Django Dev: I came in skeptical. A lot of this feels like unnecessary abstraction if you are happy with Django's ORM. But I can see the value for complex domains. The repository pattern alone is worth the price if you care about fast unit tests.

Architect: I've been using these patterns in production — at companies much smaller than MADE.com — and they pay for themselves the first time you need to change the database or add a new integration. The book is not for simple CRUD apps. But if your domain has real business rules, the small upfront cost of these abstractions is repaid many times over.

The book's greatest achievement is proving that Python can do DDD without Java-level ceremony. Protocols, context managers, and simple dicts as handler registries — this is Pythonic architecture, not translated architecture.

Django Dev: One concern: the book teaches you how to build the architecture, but it doesn't teach you when to stop adding patterns.
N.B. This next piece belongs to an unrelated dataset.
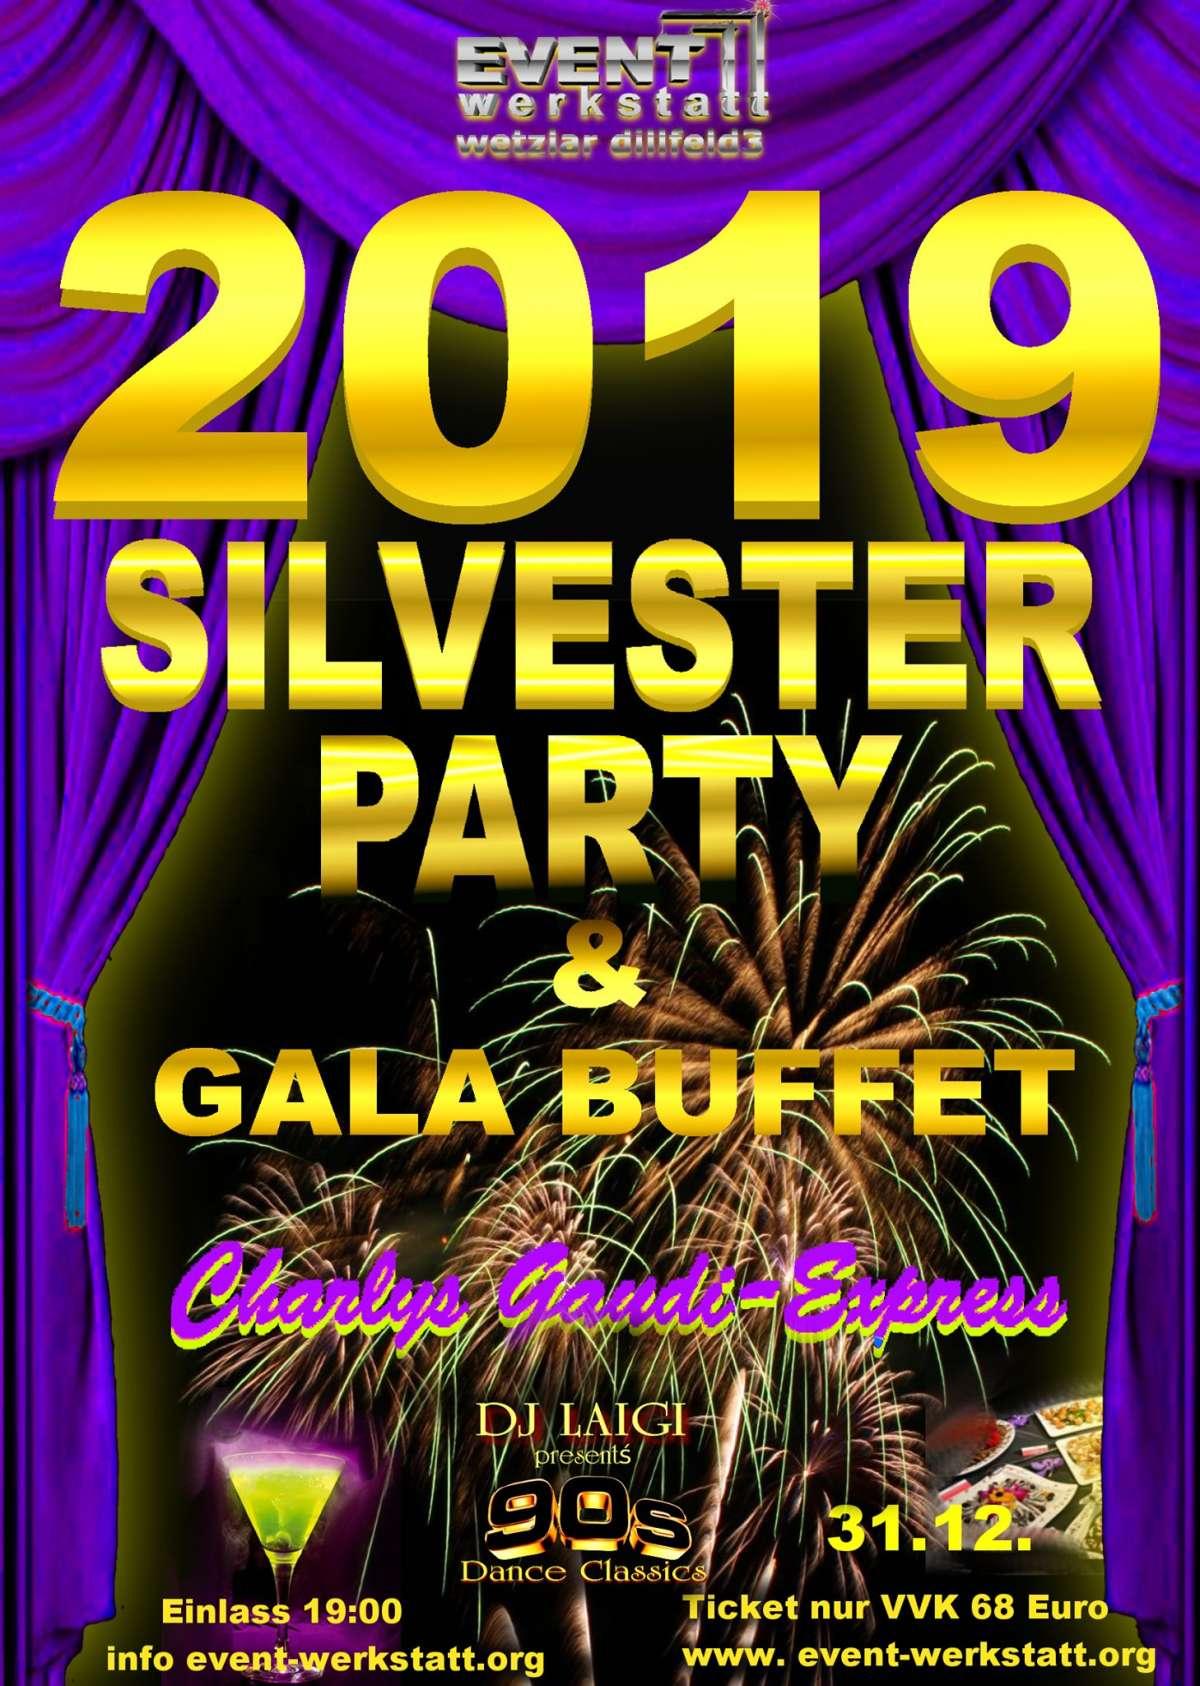 2019 Silvester-Party - Event Werkstatt  - Wetzlar

Every Python developer who reads this will want to add a message bus to their To-Do app.

Architect: That's fair. The authors address this in chapter 11: "don't do DDD if you don't need it." The patterns exist to solve specific problems — slow tests, tangled side effects, implicit transactions. If you don't have those problems, don't apply the pattern. Architecture is debt, even good architecture. Incur it only when the return is clear.


Final Thoughts

Architecture Patterns with Python is the best book I have read on applying DDD and hexagonal architecture to Python. It is not a comprehensive guide to distributed systems, event sourcing, or CQRS at scale. But it is the book every intermediate Python developer should read before building their second nontrivial application.

The patterns survive framework changes. The test-first approach builds genuine confidence. And the code on cosmicpython.com will still be relevant long after the next Django or FastAPI version arrives.

This has been a BookAtlas narration of Architecture Patterns with Python by Harry Percival and Bob Gregory. Thanks for listening.